The clinical significance of this study lies in the development of a simple, reliable, and cost-effective tool to assess the risk of IVCS in VVLE patients, particularly in outpatient settings. Traditionally, IVCS diagnosis relies on expensive imaging techniques such as CT venography, MRI, and ultrasound, which are not always accessible or practical for routine use in outpatient care. Our model, however, only requires basic clinical variables—such as history of DVT, history of vascular interventions, pain symptoms, and CEAP classification—enabling rapid risk screening for IVCS without the need for complex imaging tests. This provides a quick and cost-effective method for outpatient clinicians to identify high-risk patients and determine whether further imaging or interventions are necessary, thereby improving patient outcomes.
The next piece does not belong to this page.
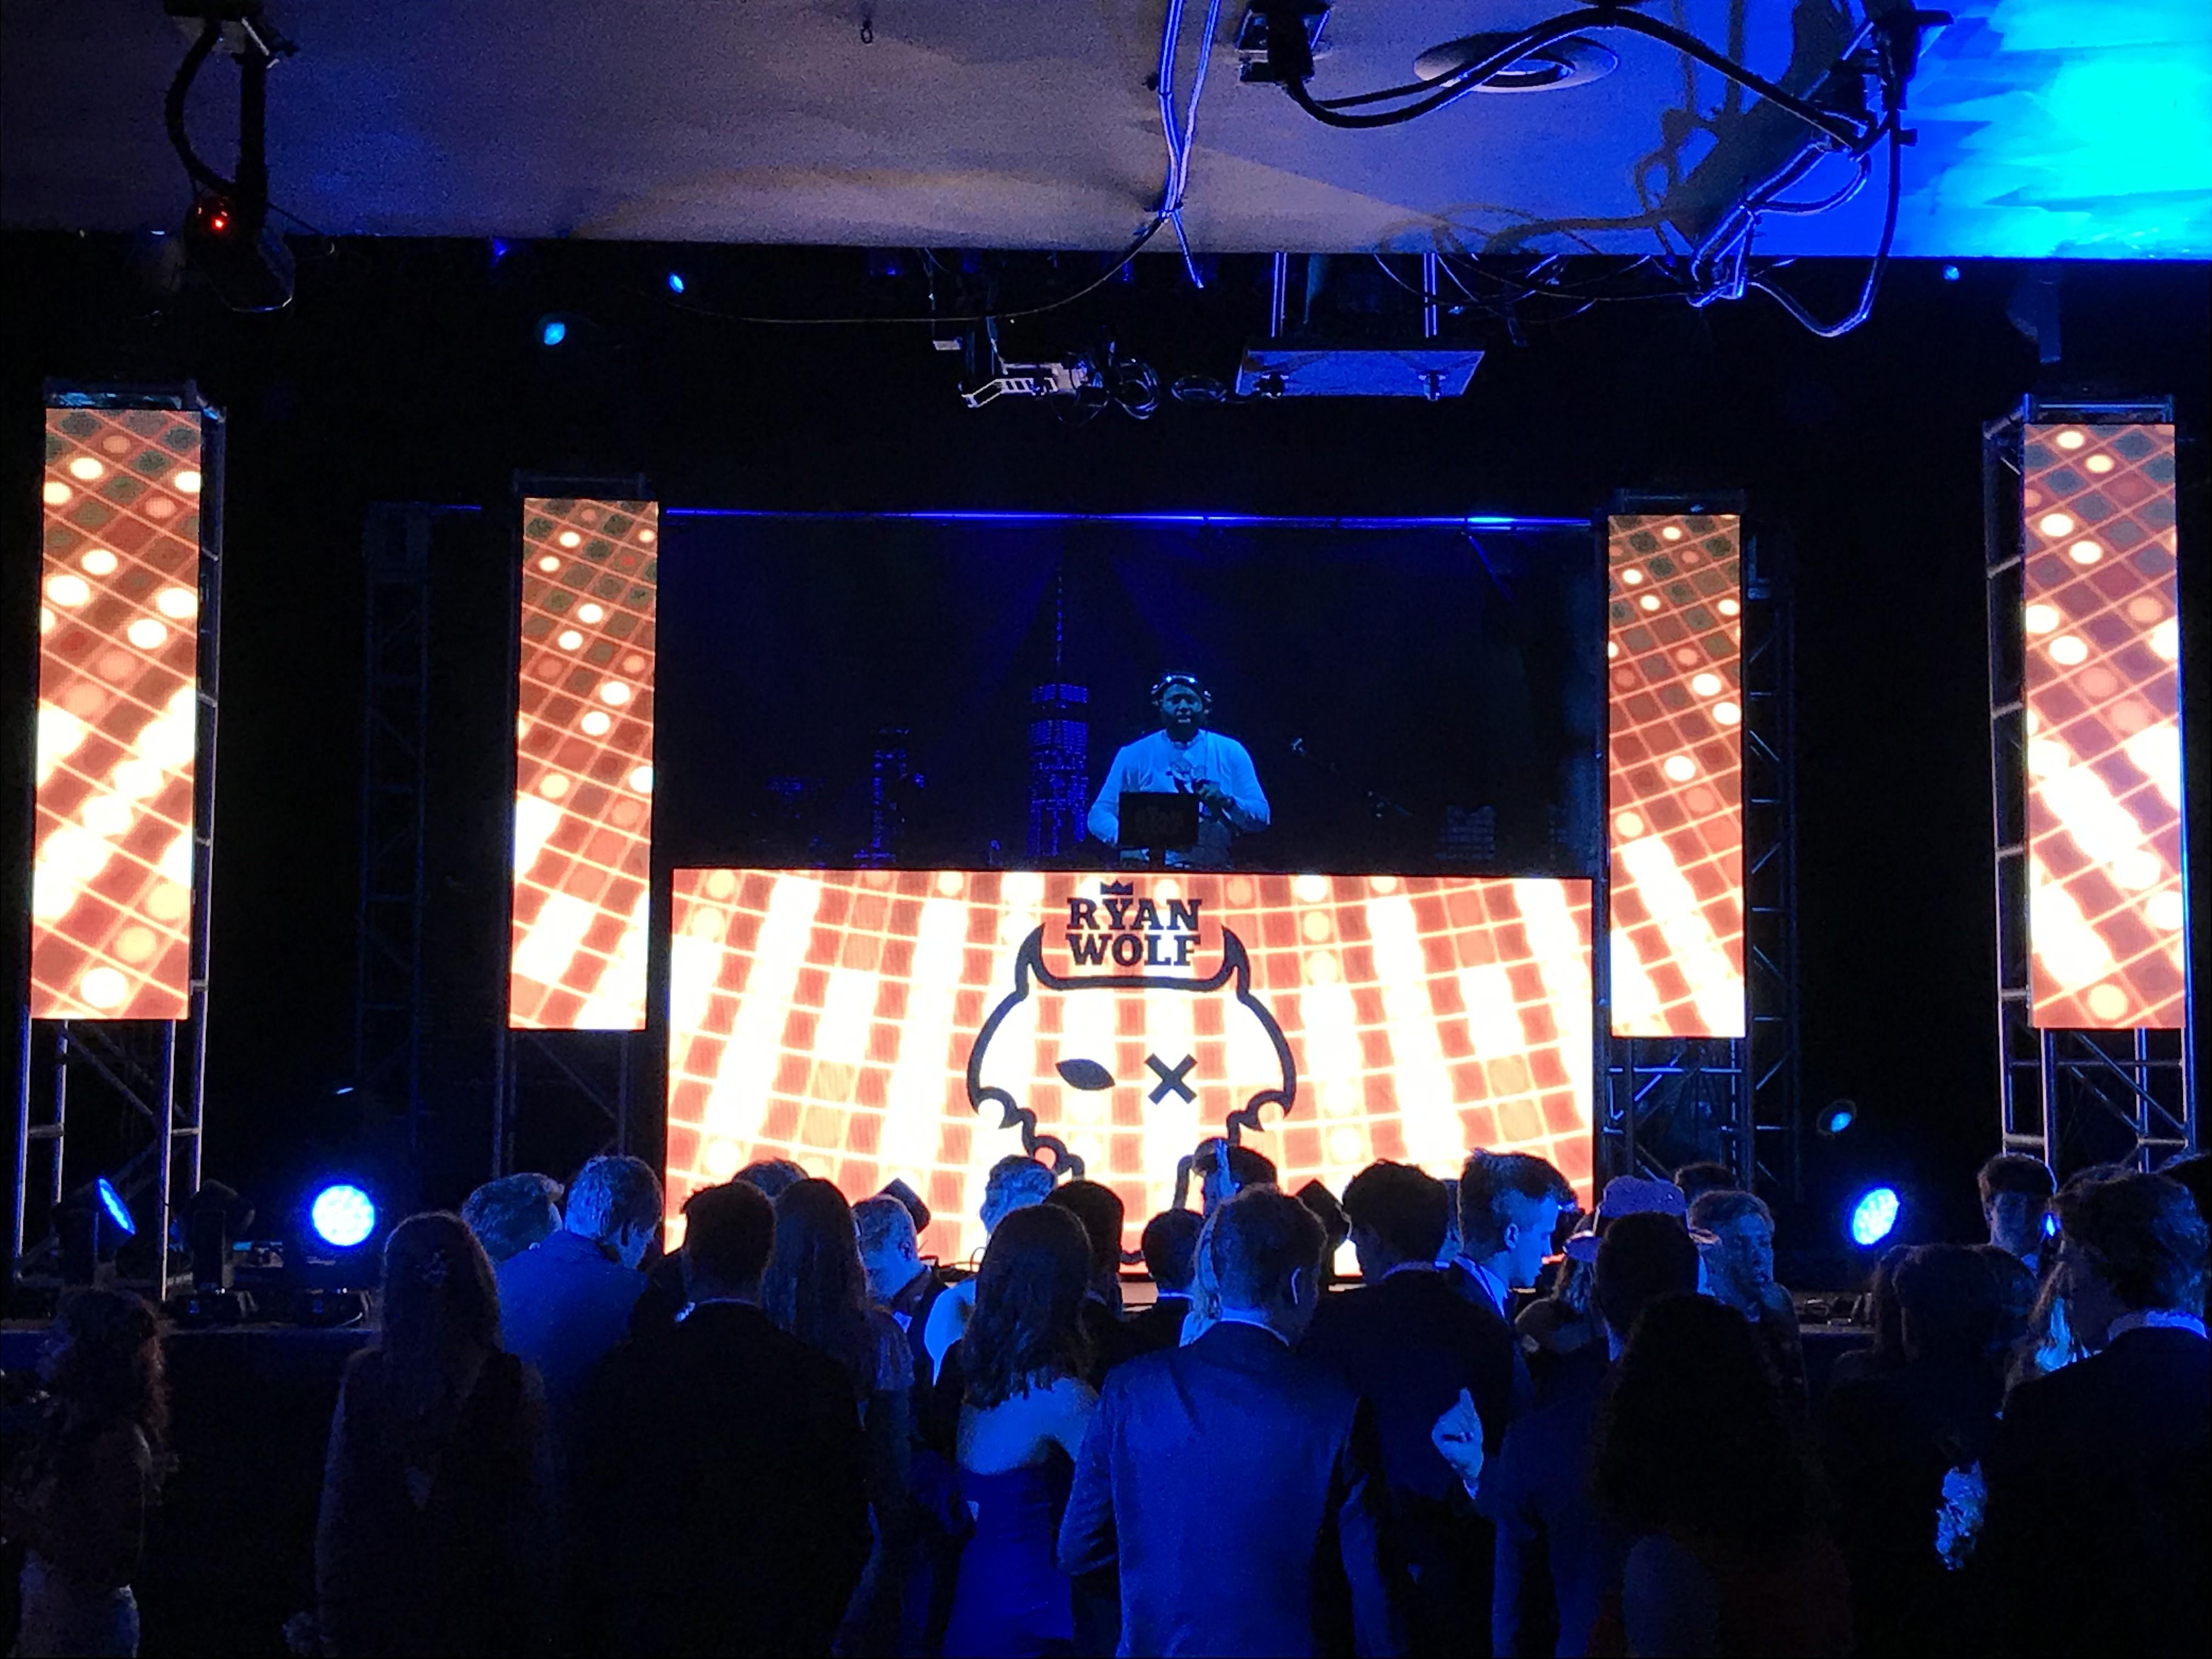 DJ Ryan Wolf

Despite its promising results, this study has several limitations. Given the relatively small number of IVCS events (n = 42), there is an inherent risk of overfitting in logistic regression modeling. To mitigate this, we intentionally limited the number of final predictors to four, based on both statistical significance in univariate analysis and clinical relevance. While this approach balances parsimony and interpretability, future studies with larger sample sizes could consider using penalized regression techniques such as LASSO to improve model stability. As a single-center retrospective analysis, it may be subject to selection bias, and external validation in larger, multicenter cohorts is needed to confirm its generalizability. Additionally, the model is based solely on routine clinical variables; incorporating biomarkers such as hematological, genomic, or imaging data may further enhance its predictive performance. While the nomogram offers practical value for IVCS risk assessment, it remains a screening tool and should not replace imaging for definitive diagnosis. The inclusion of pain as a predictor also requires cautious interpretation due to its subjective nature and potential variability. In this study, pain was recorded as a binary variable (present/absent) based on outpatient clinical records, without quantifying severity or specifying type. This limited granularity may reduce its discriminative power. Future studies should adopt standardized assessment tools (e.g., VAS scores or pain subtyping) to improve the robustness and reproducibility of this predictor across clinical settings. Further research is warranted to explore whether combining this model with imaging techniques can improve diagnostic accuracy and guide early intervention. Evaluating its impact on long-term outcomes—such as symptom recurrence, quality of life, and thrombotic complications—will help optimize IVCS management and support evidence-based clinical decisions.

Conclusion

This study successfully developed and validated a clinical prediction model for IVCS in VVLE patients, identifying key factors such as history of DVT, history of vascular interventions, pain symptoms, and CEAP classification as strong predictors of IVCS risk. The model provides outpatient clinicians with a simple, cost-effective, and reliable tool for early identification of high-risk IVCS patients, supporting personalized treatment strategies. While further validation and refinement are necessary, this model holds promise for improving early diagnosis and intervention in IVCS, ultimately enhancing patient outcomes and quality of life.